Le conseguenze della globalizzazioni sono imponenti: l’est del mondo avanza (i paesi asiatici ed ex comunisti dell’Europa), il sud sprofonda ancora di più (l’africa e il mondo arabo.  incapace di competere tecnicamente e in preda a guerre intestine), l’Occidente arretra visibilmente e ineluttabilmente.

Il dramma  di Pomigliano è solo una degli infiniti effetti di un tale rivolgimento storico paragonabile, a nostro parere, a quello che qualche  secolo fa, portò alla egemonia tecnica e culturale dell’Occidente.

 

Nel  caso di Pomigliano non ha molto senso attribuire ragione e torti, discettare se  i sindacati  difendano i giusti diritti  degli operai o Marchionne sia  un bieco profittatore  Si tratta di un fatto oggettivo: se la FIAT non rimane concorrenziale  sul piano internazionale la FIAT sparisce : tutto qui:

  La domande giuste sarebbero allora le seguenti:

·        senza il piano Marchionne e con le presenti procedure  la FIAT resterebbe concorrenziale ( quindi esistente? )

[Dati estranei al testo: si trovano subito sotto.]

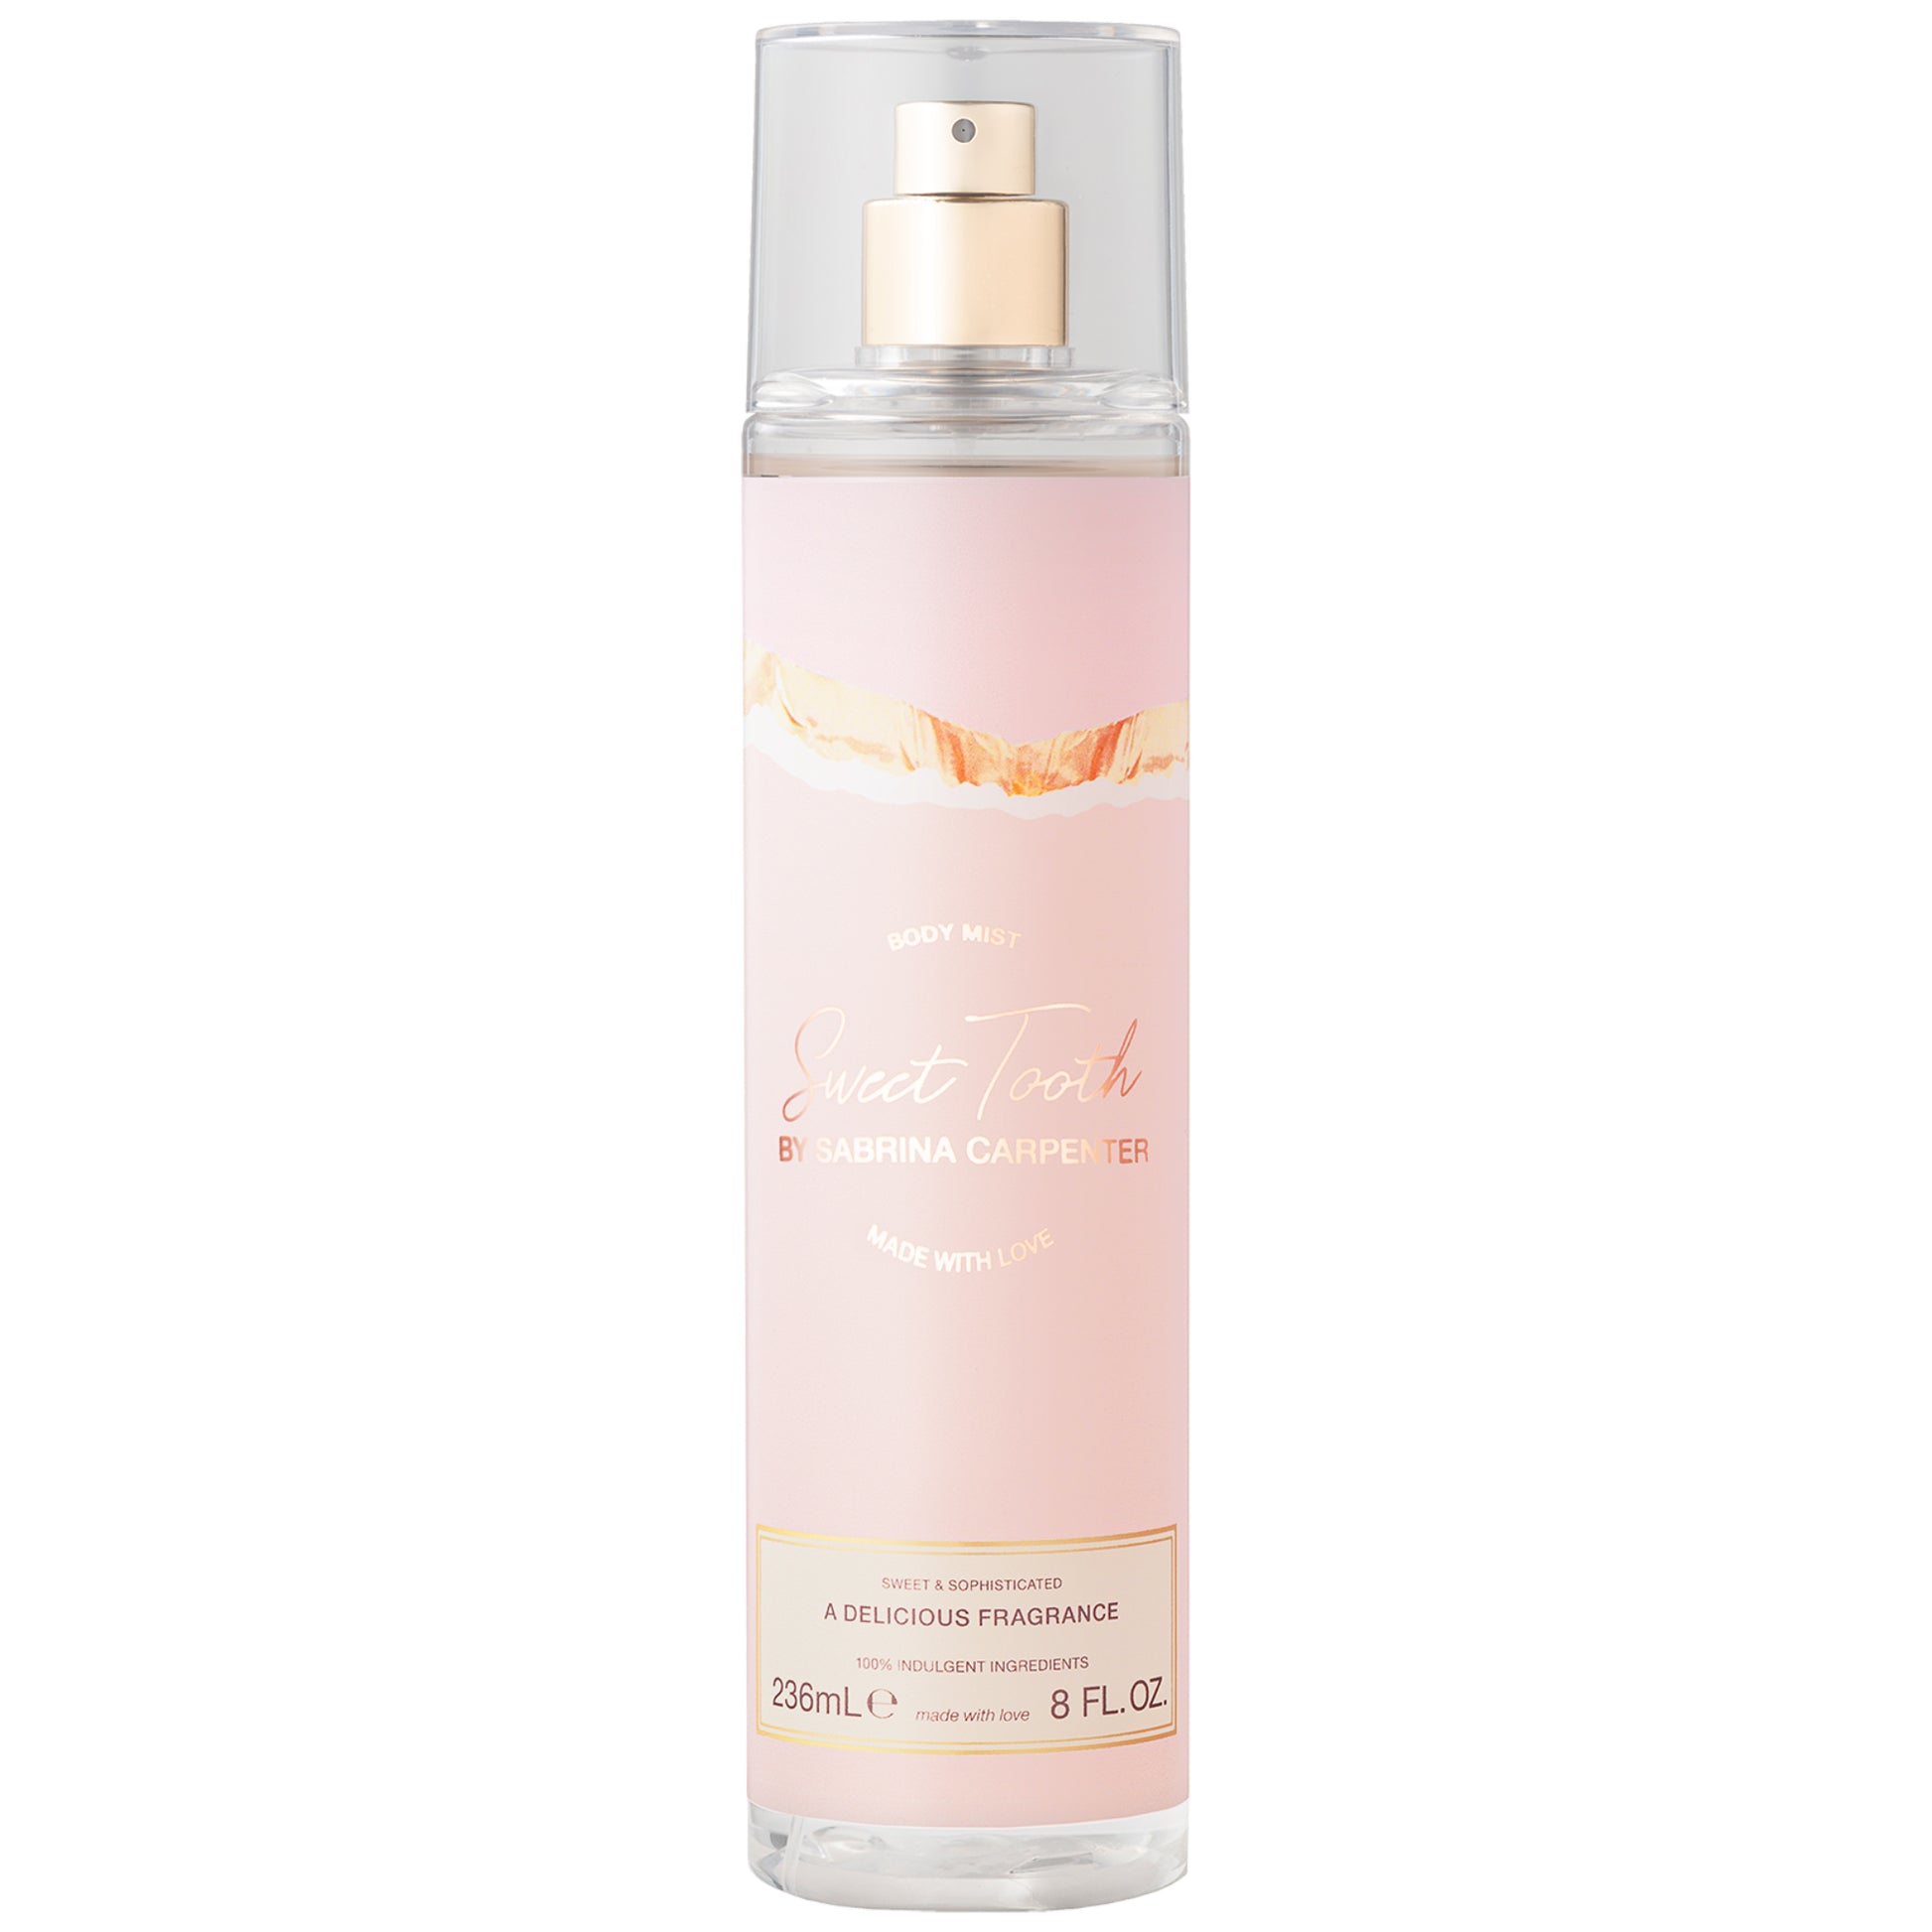 SWEET TOOTH BODY MIST - SCENT BEAUTY

·        il piano Marchionne basta per mantenere la FIAT  competitiva?

·        oppure nemmeno esso basta? 

Nel primo caso il piano sarebbe da respingere, nel secondo da accettare, nel terzo sarebbe praticamente inutile . La prima ipotesi  ci pare difficile da sostenere, la terza dobbiamo sperare  che non si manifesti

 Cosa resta effettivamente da discutere? Se il piano Marchionne riesce a mantenere la FIAT in Italia dobbiamo essergli tutti grati : questa è l’amara verità

 

 

L'Italia  nella globalizzazione

 

Possiamo pensare a provvidenze statali come sgravi fiscali e simili. Certo e’ 'una soluzione sempre invocata e spesso attuata: pero significa in sostanza che la collettività si addossa la differenza dei costi con l'estero

Prescindiamo  che questa procedura non è più ammessa nell’ambito dell’Unione Europea. Ma noi siamo  in piena e grave crisi finanziaria: se non vogliamo arrivare  al fallimento nazionale bisogna ridurre le spese: in Italia vi è una finanziaria che taglia le spese dovunque e non si sa come fare: perfino i servizi per gli handicappati sono in crisi Nel resto d’Europa i tagli  sono stati ancora più forti

Se la collettività finanzia le imprese avviene che l’impresa sia in attivo ma la comunità in passivo

Se, come giustamente affermava  Marx, sono i rapporti economici a determinare le regole civili e non viceversa, allora ci accorgiamo che molte delle nostre conquiste normative del lavoro non reggono più e, di fatto non sono più applicate nella maggior parte dei casi: malgrado tutto. alle condizioni – capestro di Marchionne non solo vorrebbe lavorare ogni operaio cinese ma anche una sterminata fila di italiani giovani laureati, precari e sottopagati, dai call center ai villaggi turistici

E d’altra parte da una ventina di anni la legislazione in pratica ha creato tante eccezioni per cui in effetti molte delle garanzie che i dipendenti avevano un tempo non sono più operanti per la maggior parte dei lavoratori, a parte i privilegiati fra cui sarebbero da mettere quelli della grande industria.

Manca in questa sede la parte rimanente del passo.